### Data segment:
- Opening Delimiter -

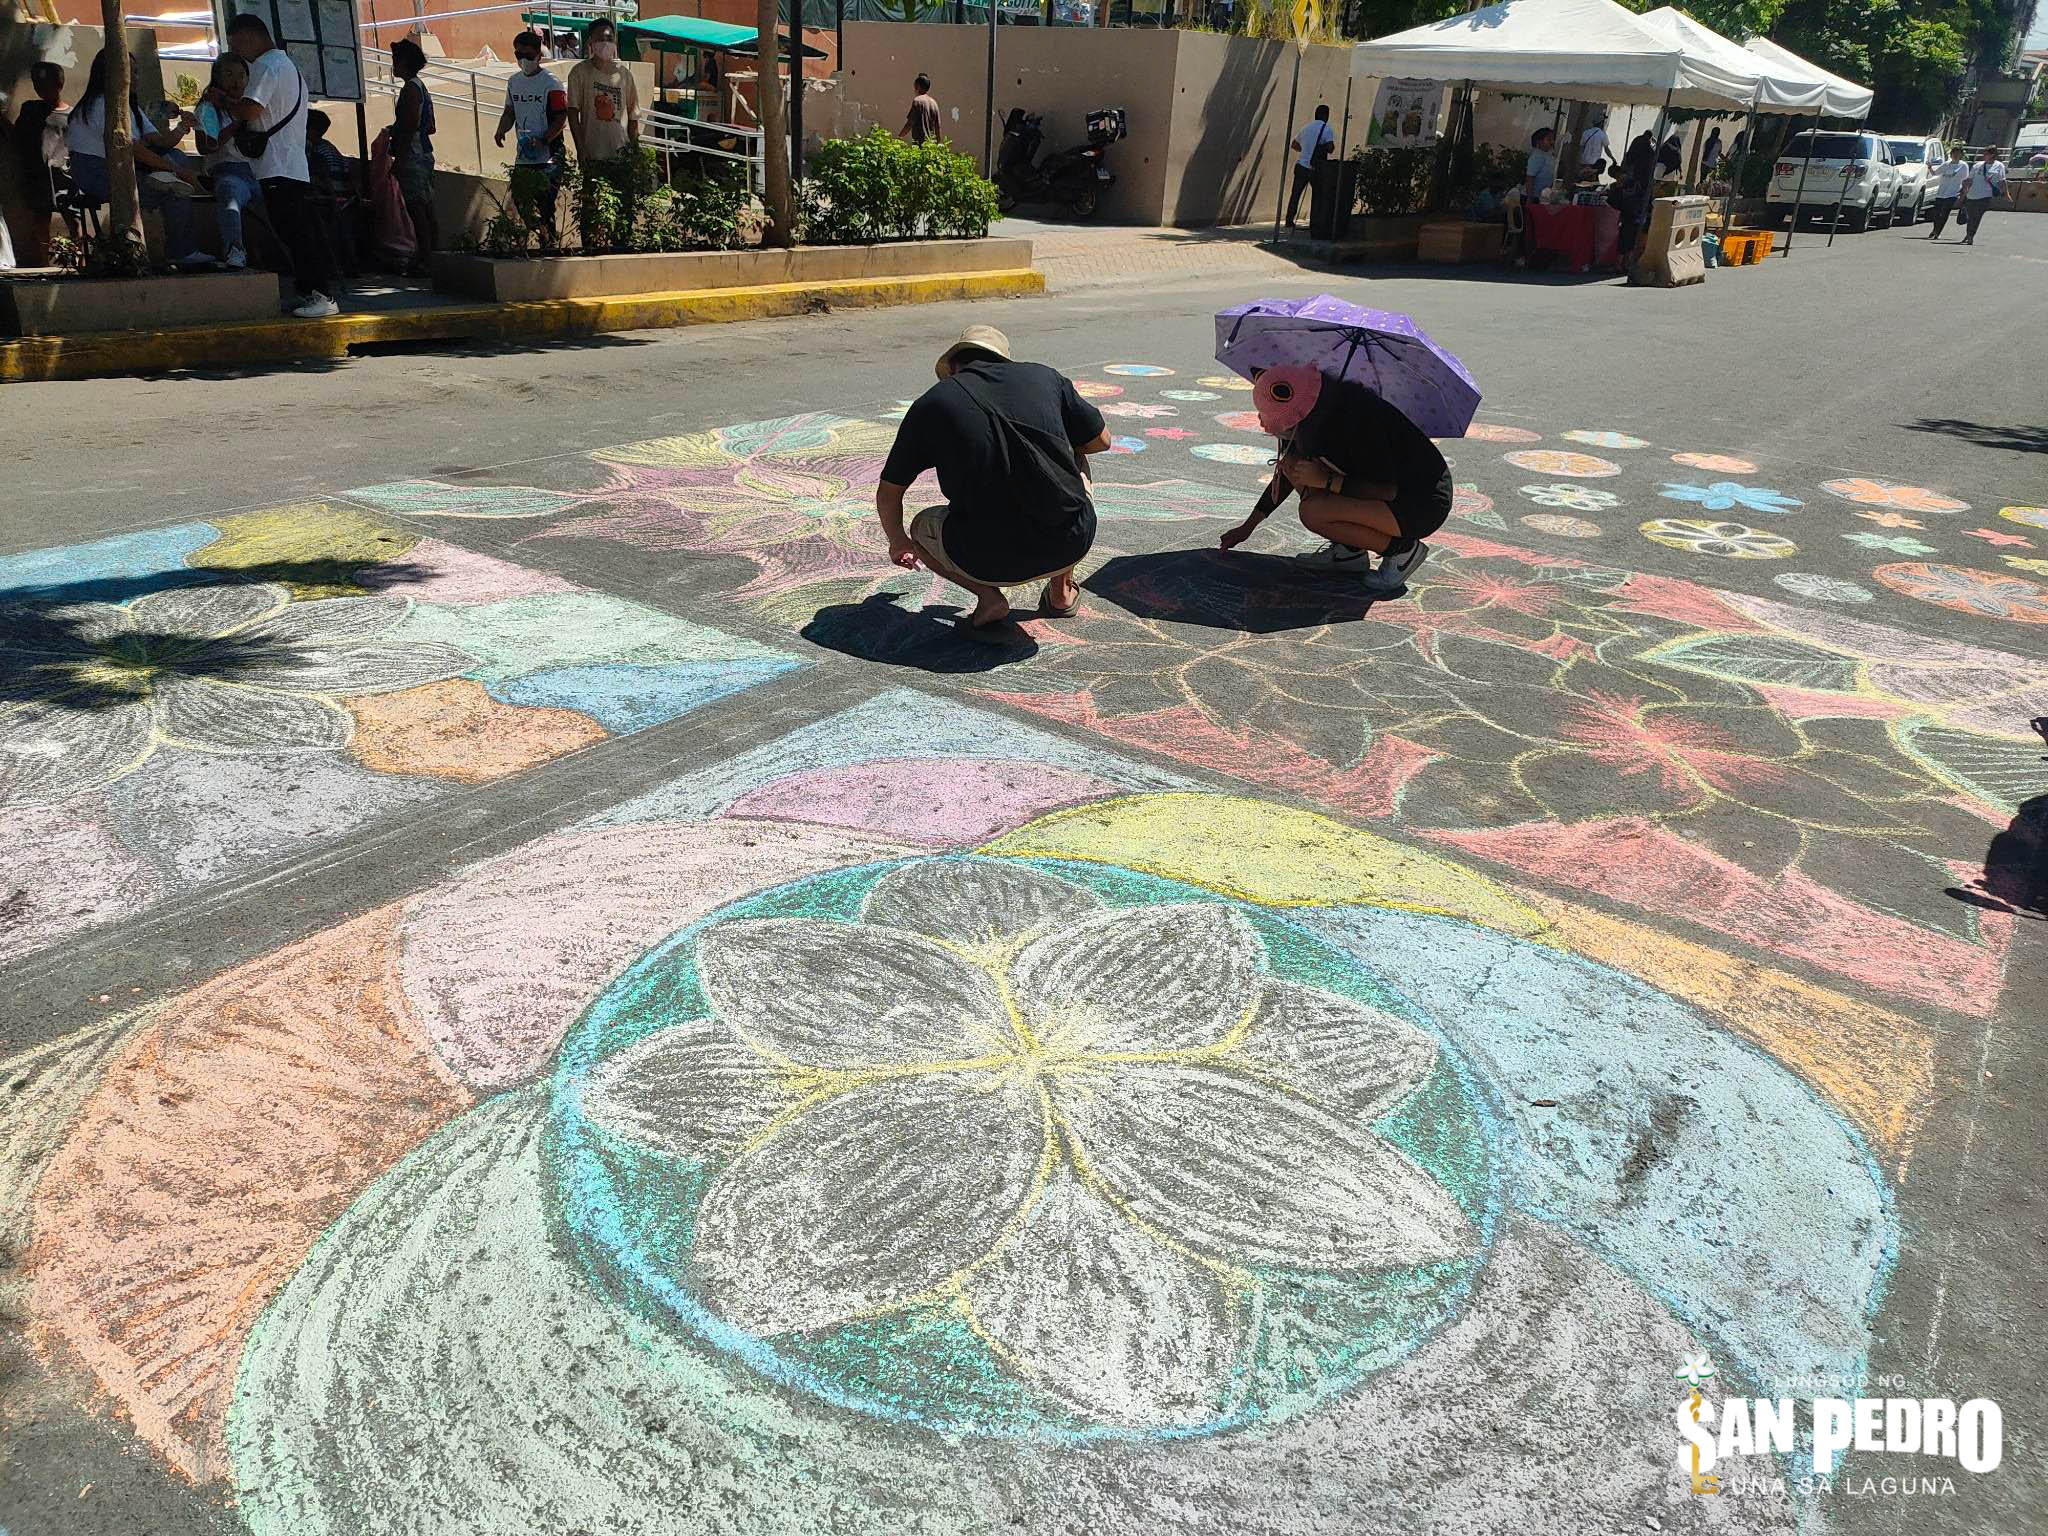 San Pedro, Laguna brings back Sampaguita flower festival
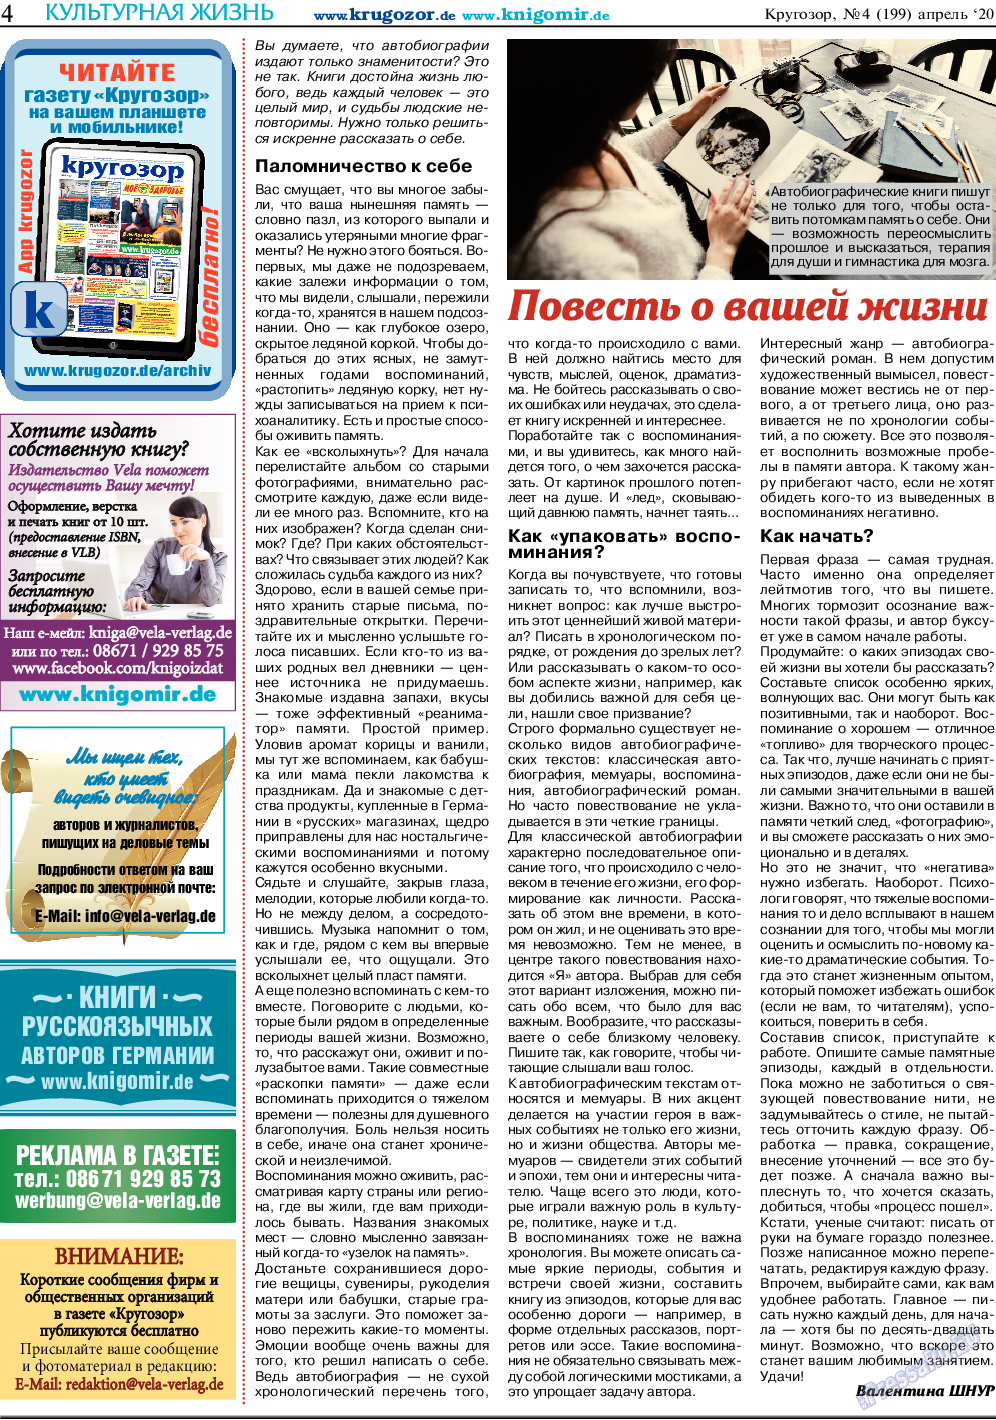 Кругозор, газета. 2020 №4 стр.4
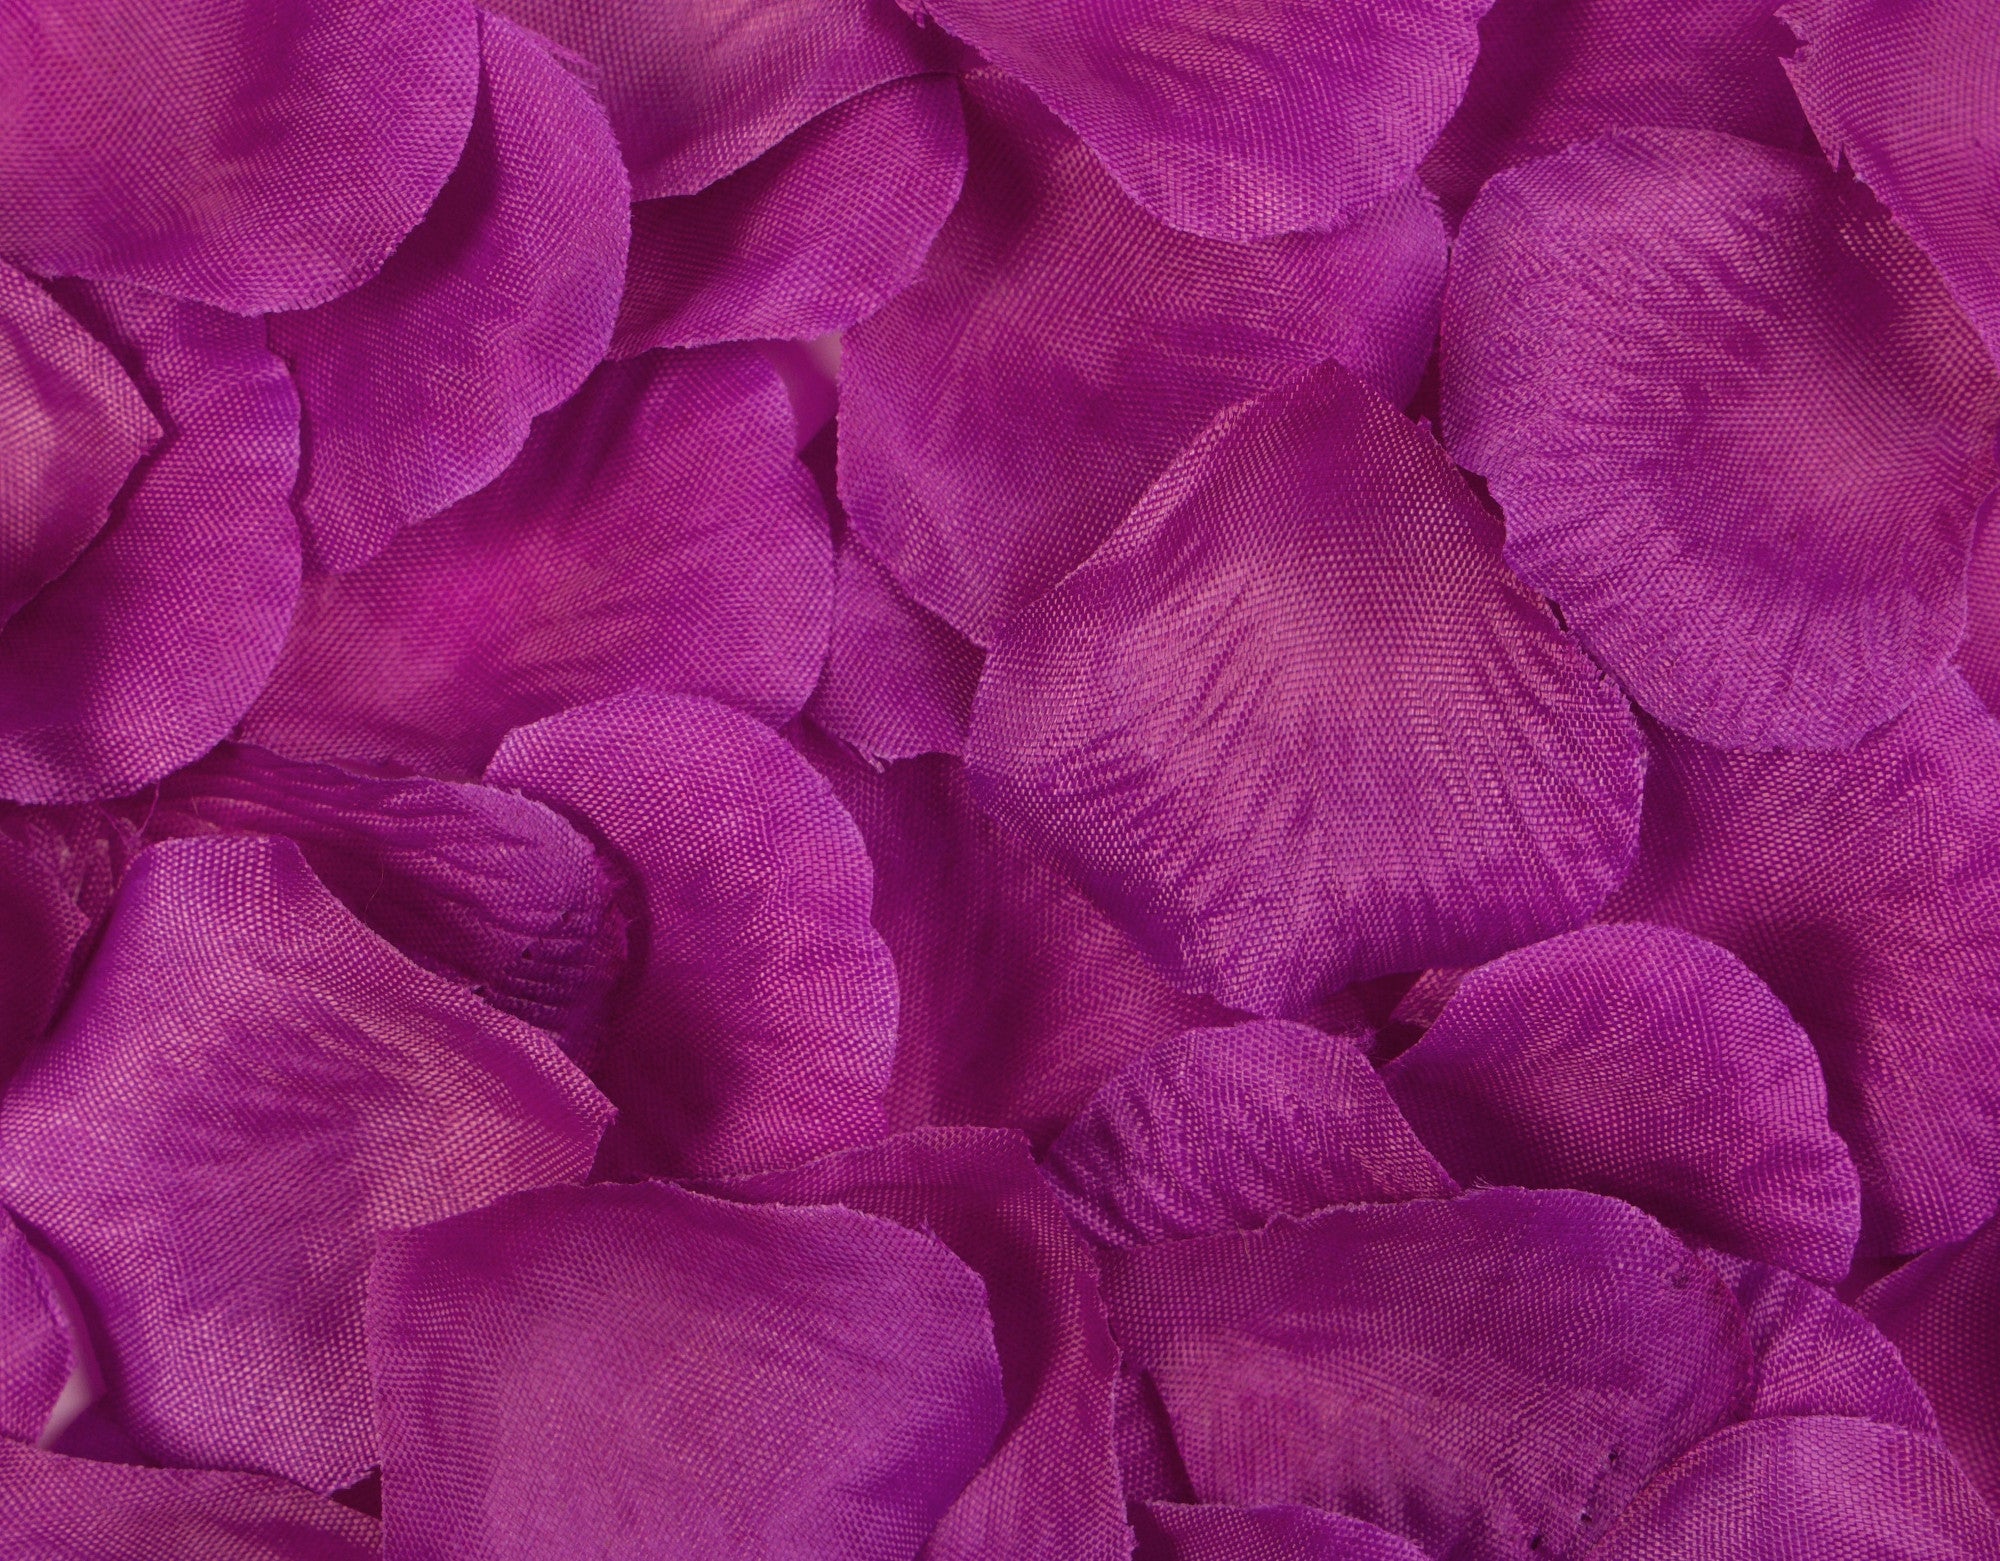 Best Artificial Silk Rose Petals
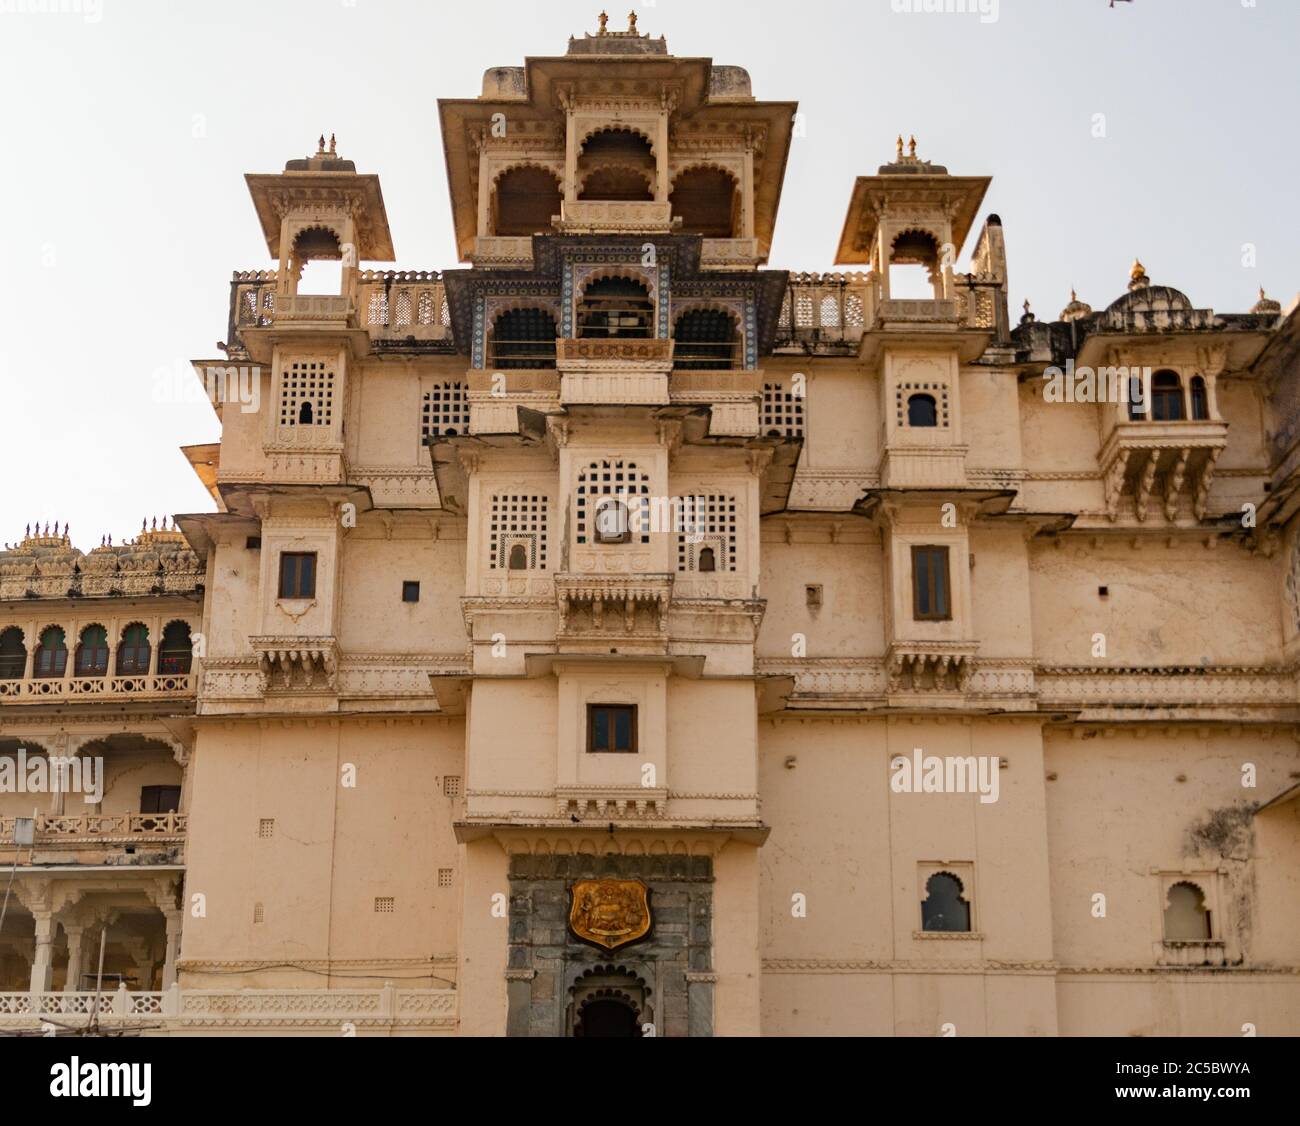 Entrée principale du palais de la ville, Udaipur Rajasthan Inde. Photo de haute qualité Banque D'Images

- Closing Delimiter -

### Task brief:
Quote verbatim the final run of lines in the material above, from the line that contains "Кругозор, газета. 2020 №4 стр.4" through the very last line, excluding any pictures.

### Answer below:
 Кругозор, газета. 2020 №4 стр.4
 Best Artificial Silk Rose Petals
 Entrée principale du palais de la ville, Udaipur Rajasthan Inde. Photo de haute qualité Banque D'Images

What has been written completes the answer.